What is killing marriage and the family?

May 13, 2019 by

by Belinda Brown, MercatorNet:

It’s not just the free market or big government – there’s Big Sister too.

The birth of a new Royal baby here in Britain reminds us what privileged women have, and what their poorer sisters lack: a decently earning husband and therefore the prospect of a stable family life. Of course, when that decently earning husband is a prince, he doesn’t just bring home the bacon — he owns the whole farm.

This was one of the more controversial points which Tucker Carlson, the American conservative political commentator, called attention to when he delivered his monologue on the importance of the family earlier this year. If we want to have happy, functioning societies the wellbeing of the family should be a central concern of political life, Carlson said.
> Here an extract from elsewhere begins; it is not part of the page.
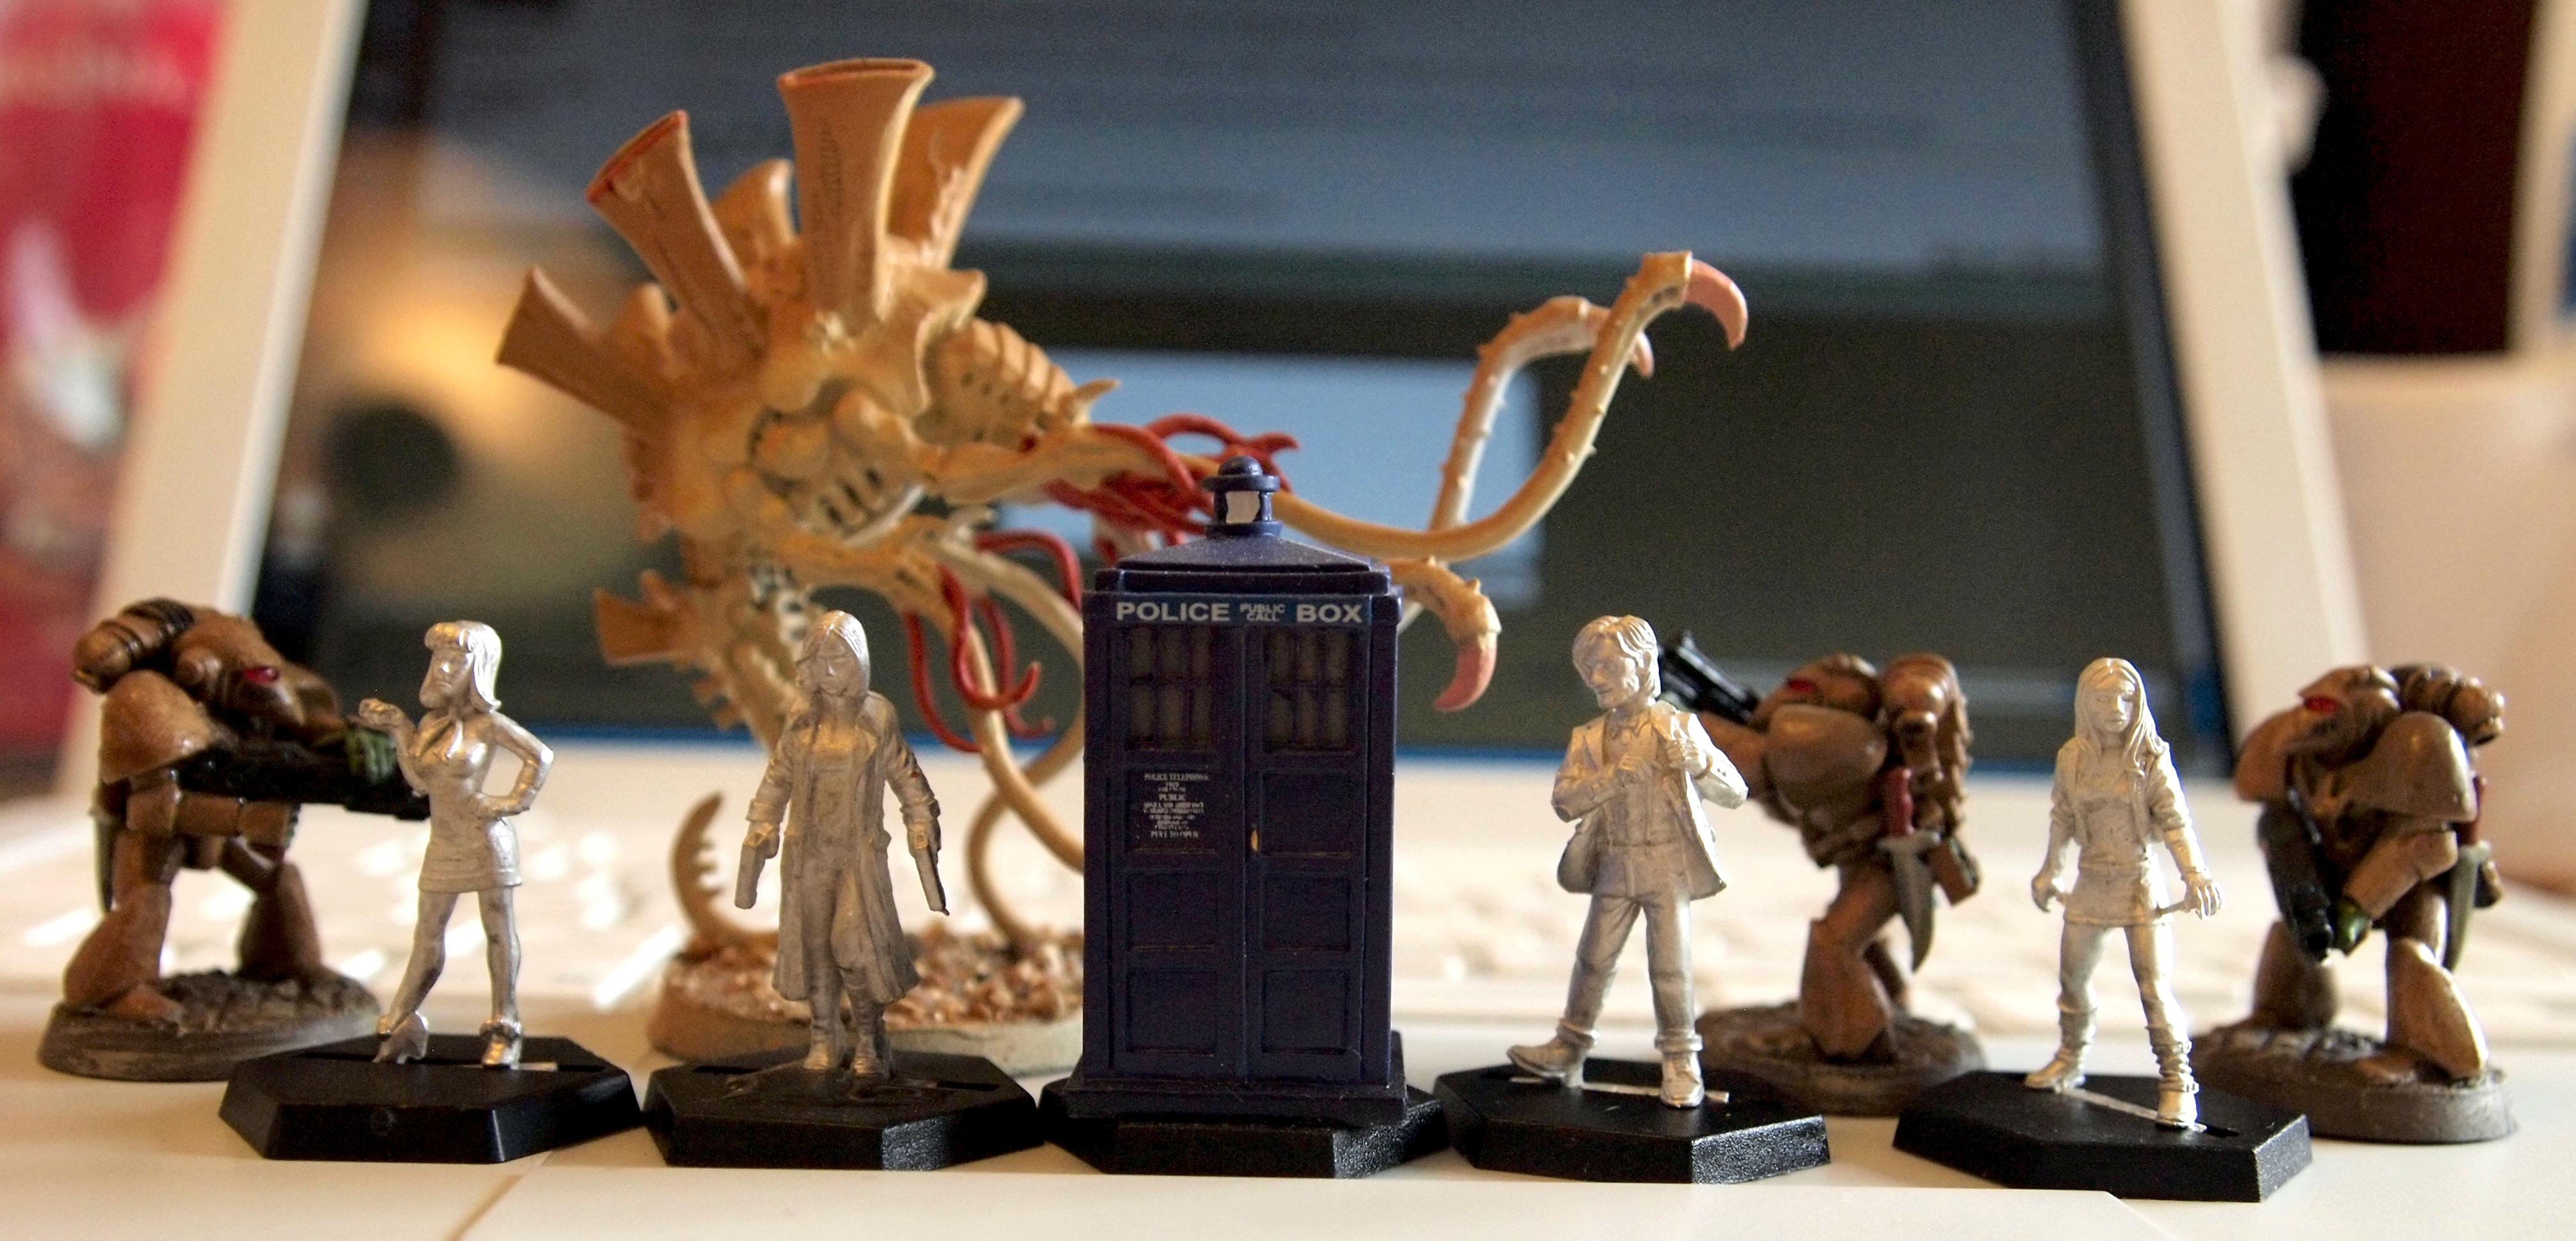 Dr Who, Hasslefree, Heresy, Scale, Science-fiction, Warhammer 40,000, Work In Progress

Most of us could sign up to that.

What was difficult for some was his suggestion that where men do not earn decent wages women don’t want to marry them; and that the absence of marriage leads to the breakdown of the family ‑‑ to fatherlessness and single parenthood, and many other social ills besides.

The link between male employment and marriage is amply supported by the data (see here, here and here), but in pointing it out Carlson exposed a tension in conservative arguments: the free market can weaken the very families it relies upon to thrive.
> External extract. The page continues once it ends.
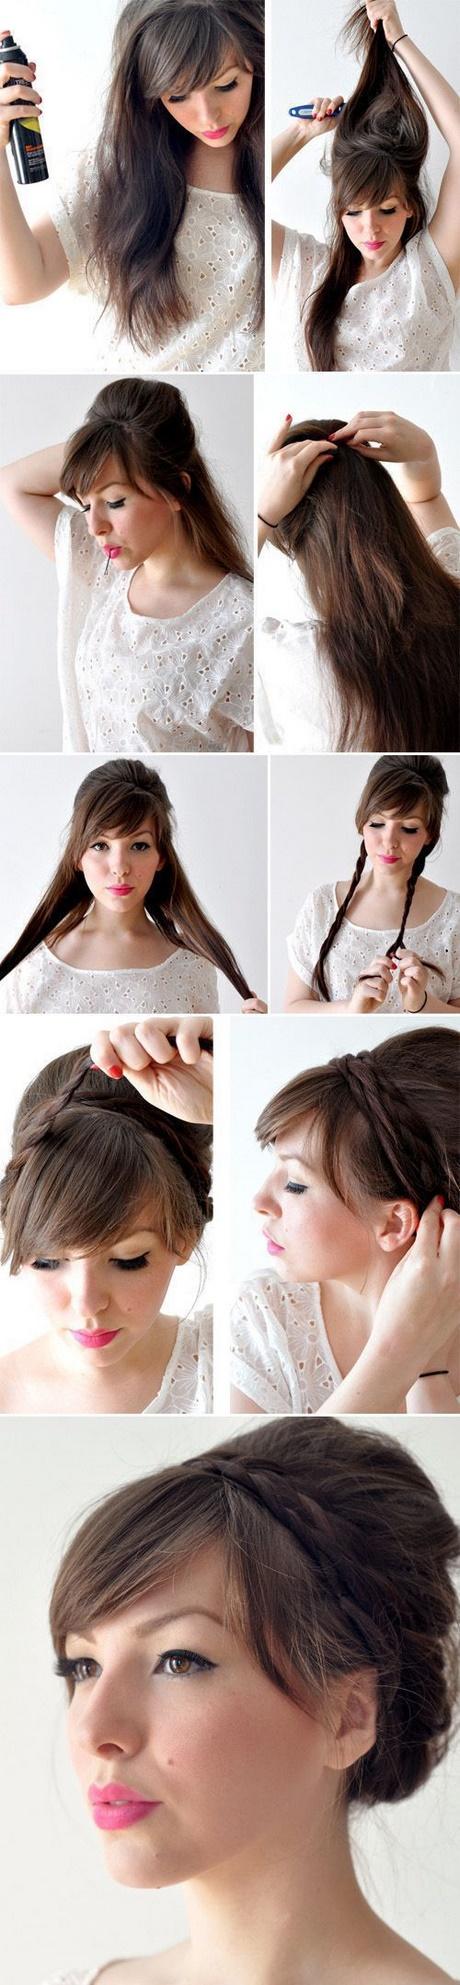 Different easy hairstyles to do at home different-easy-hairstyles-to-do-at-home-41_13

Not only do processes of deindustrialization weaken male employment. As households split into independent units consumerism is fed by family breakdown and divorce.

Right wing commentators David French and Ben Shapiro were quick to defend the market from any ideas which might curtail its freedom . If people had disorganised families, they suggested, this was down to individual agency. They wanted the separation between our personal lives and the economy to remain intact.